This word came to my mind after I had numerous workloads running in production and I couldn't guarantee the SLA of my machine learning workloads anymore. I felt I eventually ran into a pipeline jungle problem.
What is a pipeline jungle?
Machine learning workloads are powered by multiple real time or batch ingestion jobs, feature engineering jobs and most likely all of which are developed and owned by various departments and multiple engineering teams. The data in all the jobs are generally sourced from variety of data sources — data lakes, data warehouses and events. The responsibility and ownership of the correctness & completeness of the data resides with the individual engineering teams. Machine learning workloads are always the consumers of the various upstream workloads. When the output of the machine learning model is incorrect, a considerate amount of time is spent in debugging the data from all the upstream jobs.
This leads to the problem of pipeline jungle.
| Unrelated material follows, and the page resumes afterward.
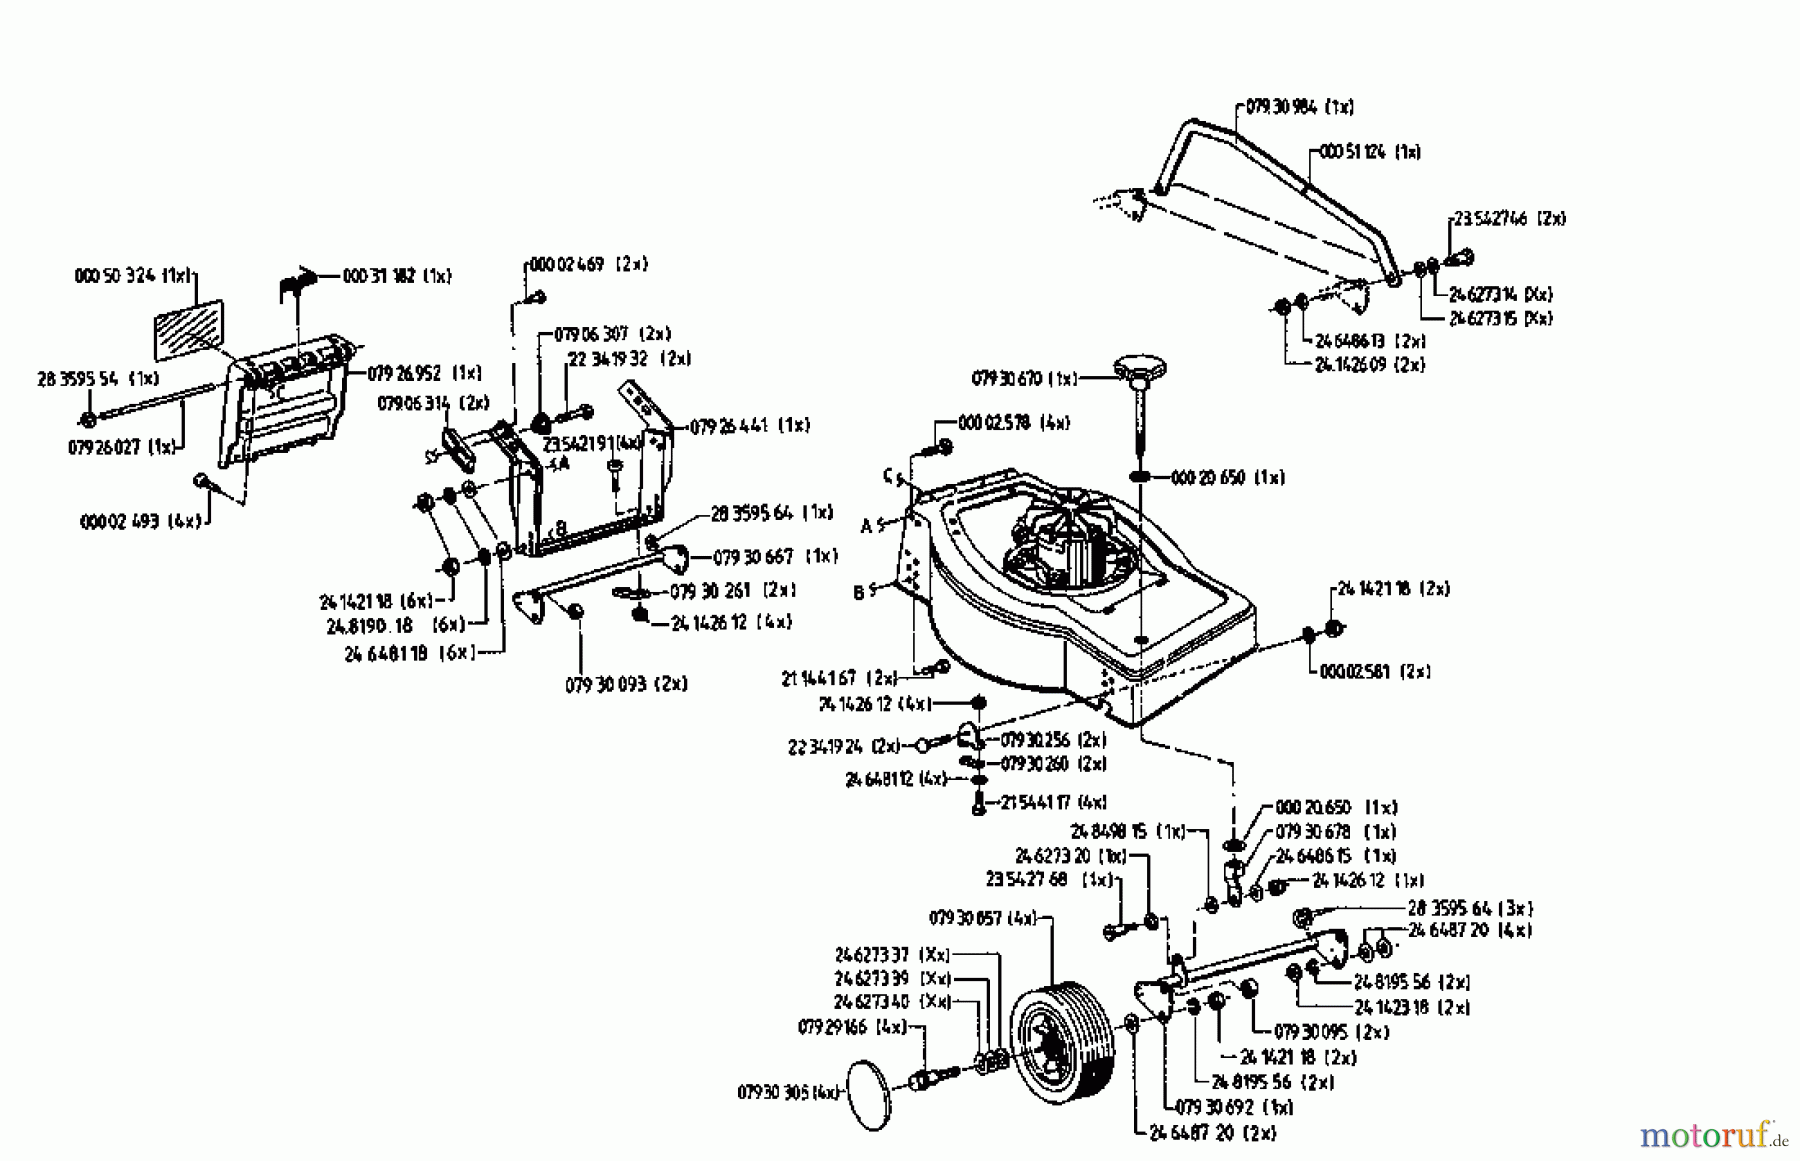  Golf Electric mower 445 HLES 04032.01  (1996) Basic machine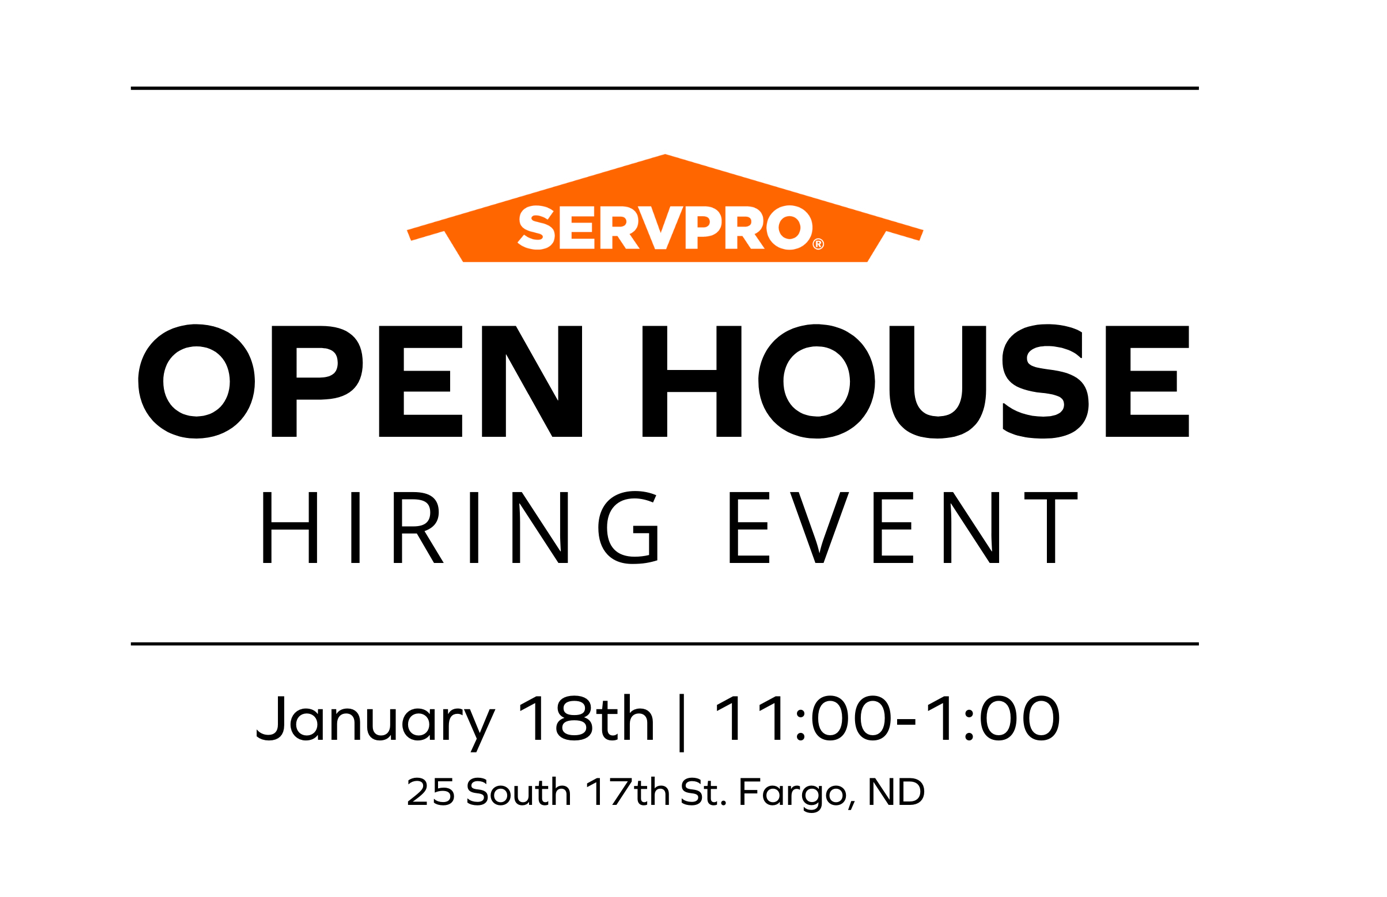 Open house hiring event

How does a Pipeline Jungle look like?
Pipeline jungle consists of various jobs which solves multiple business problems end to end.
Does this look complex? Definitely to me! How do we decipher the pipeline jungle? How do we navigate the pipeline jungle and provide correct SLA per job to the technology/business teams? How do we ensure the right contract per job is guaranteed for the lifetime of the job?
I have some ideas around it —
- Spawn out monitoring on top of each job to check for data recency, data quality, data correctness, schema changes and many more and assign status to each check
- If any of the checks fail, the downstream dependant job should not progress
- The responsibility of monitoring should not be centralised by one team (SRE team or a production support team) but must be de-centralised across all the engineering teams. This is a scalable way of making the monitoring reliable.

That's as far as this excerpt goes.